THE UNSUNG GREAT: STORIES OF EXTRAORDINARY JAPANESE AMERICANS
By Greg Robinson (Seattle: University of Washington Press, 2020, 294 pp., $29.95, paperback)
This is the second of two outstanding books by eminent historian and journalist Greg Robinson consisting primarily of his “The Great Unknown and the Unknown Great” columns in the San Francisco-based Nichi Bei Weekly. In reviewing for the NBW the first book, “The Great Unknown: Japanese American Sketches,” published by the University Press of Colorado in 2016, I explained that its 10 chapters encompassed the “‘unknown’ activities and/or achievements of selected noteworthy individuals.” As for the University of Washington Press volume here under review, which also includes postings on Discover Nikkei, the Los Angeles-based Japanese American National Museum’s blog, among several other venues, its eight thematic chapters are devoted to the same general objective as its predecessor.
As Robinson sets forth in his masterful introduction, the themes of his chapters, a half-dozen of which are co-authored, are not only diverse in content but also consistently treat understudied aspects of the Japanese American past: mixed-race Japanese American families; Japanese American literature; political activism of the Nisei and their quest for civil rights and social justice; Nikkei creative artists and their respective productions; Japanese American queer history; and non-West Coast Japanese American populations. Even Robinson’s two chapters focused on the much-studied World War II era are given over to atypical Nikkei happenings, on the one hand, and on the other hand, to the stories of those humane non-Nikkei who provided support for Japanese Americans during their incarceration in American-style concentration camps.
In the nearly quarter of a century that I have been in contact with Greg Robinson, he continues to amaze me anew. A professor of history at the L’Université du Québec à Montréal, where he teaches courses in the French language, he is a prolific writer of books, all of them relating to some dimension or other of the Japanese American historical experience. While these works are very well-researched and deeply rooted in a wide variety of primary and secondary sources, they are expressed in terms that are comprehensible by a general readership as against one comprised exclusively by other academicians. Even though Robinson is attuned to new theoretical and methodological breakthroughs in the discipline of history, he opts, consistent with his background in journalism, to seamlessly incorporate them into an eloquent narrative style that places a premium on powerful and consequential storytelling.
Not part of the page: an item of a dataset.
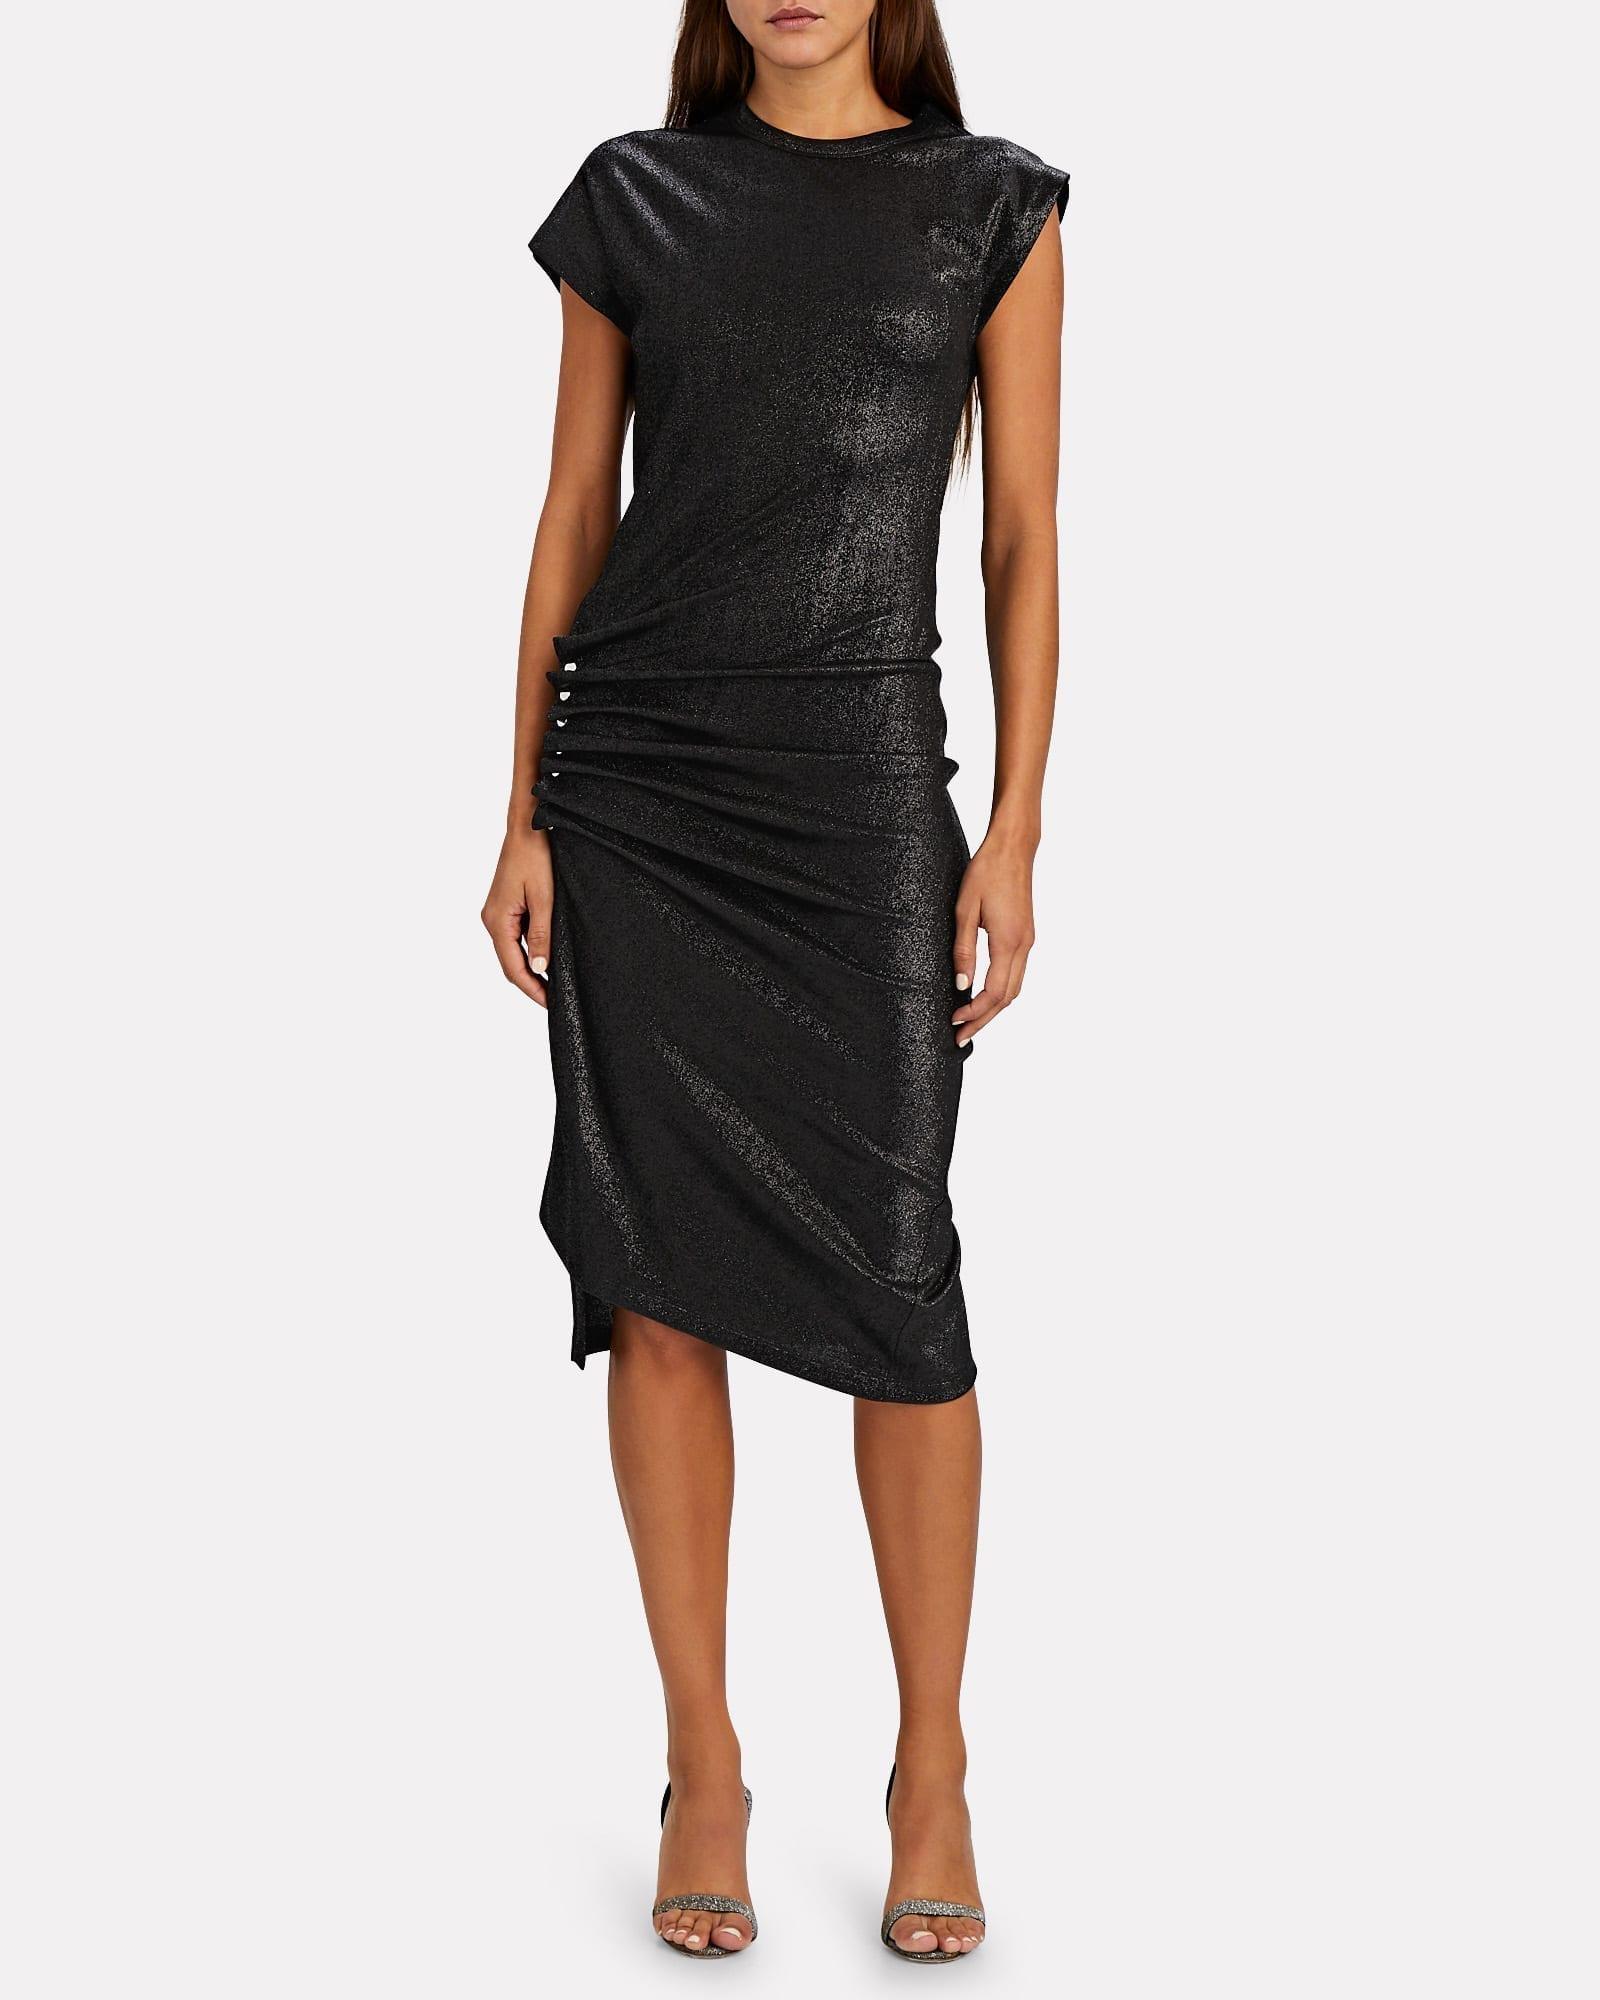 PACO RABANNE Asymmetrical Lurex T-Shirt Dress
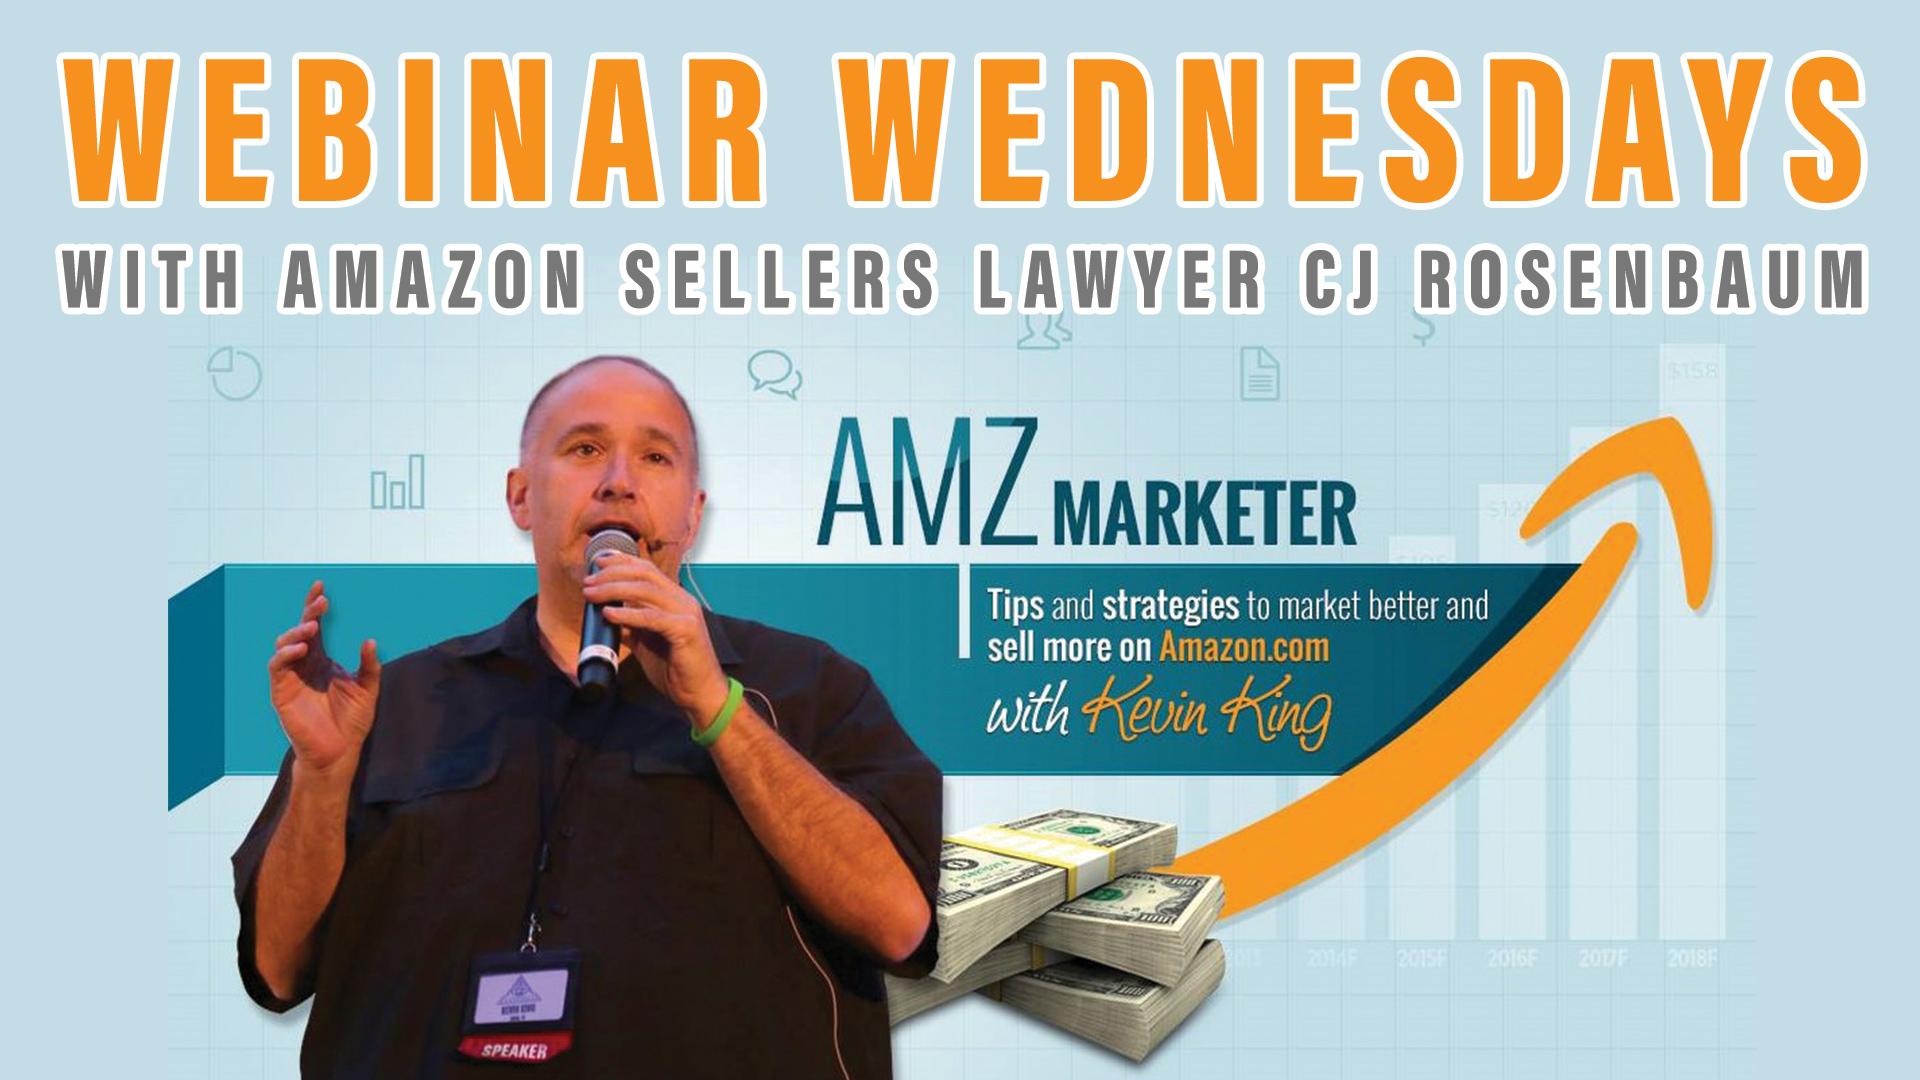 AMZ Marketer

Since “The Unsung Great” covers so much territory in its pages, which readers of the volume need to ponder in their own way, I will restrict myself here to highlighting what grabbed my attention when consuming its abundant contents. First, Robinson leaves very few informational stones unturned when zealously developing his biographical portraits. Second, his graphic descriptions of neglected individuals frequently get converted into life histories of similarly overlooked family members. Third, Robinson’s profiles are often complexified and humanized by his penchant for including, in his depiction, both pro and con character traits and behavior. Fourth, when sketching not such unsung great Japanese Americans, like civil rights activist Clifford Uyeda and war hero Ben Kuroki, Robinson supplies readers with unconventional and inconvenient information not heretofore given public (or even private) attention. Although having conducted in-depth oral histories in the past with both of these Nisei men, upon perusing Robinson’s representations of them, I realized that I had barely scratched the surface of their multiplex lives.
Japanese Americans and non-Japanese Americans alike will benefit tremendously, as I certainly did, from Greg Robinson’s inspired sleuthing and artful renderings of his findings in “The Unsung Great.” The Nichi Bei Weekly‘s formative role in facilitating this bountiful book’s very existence is deserving of communal applause.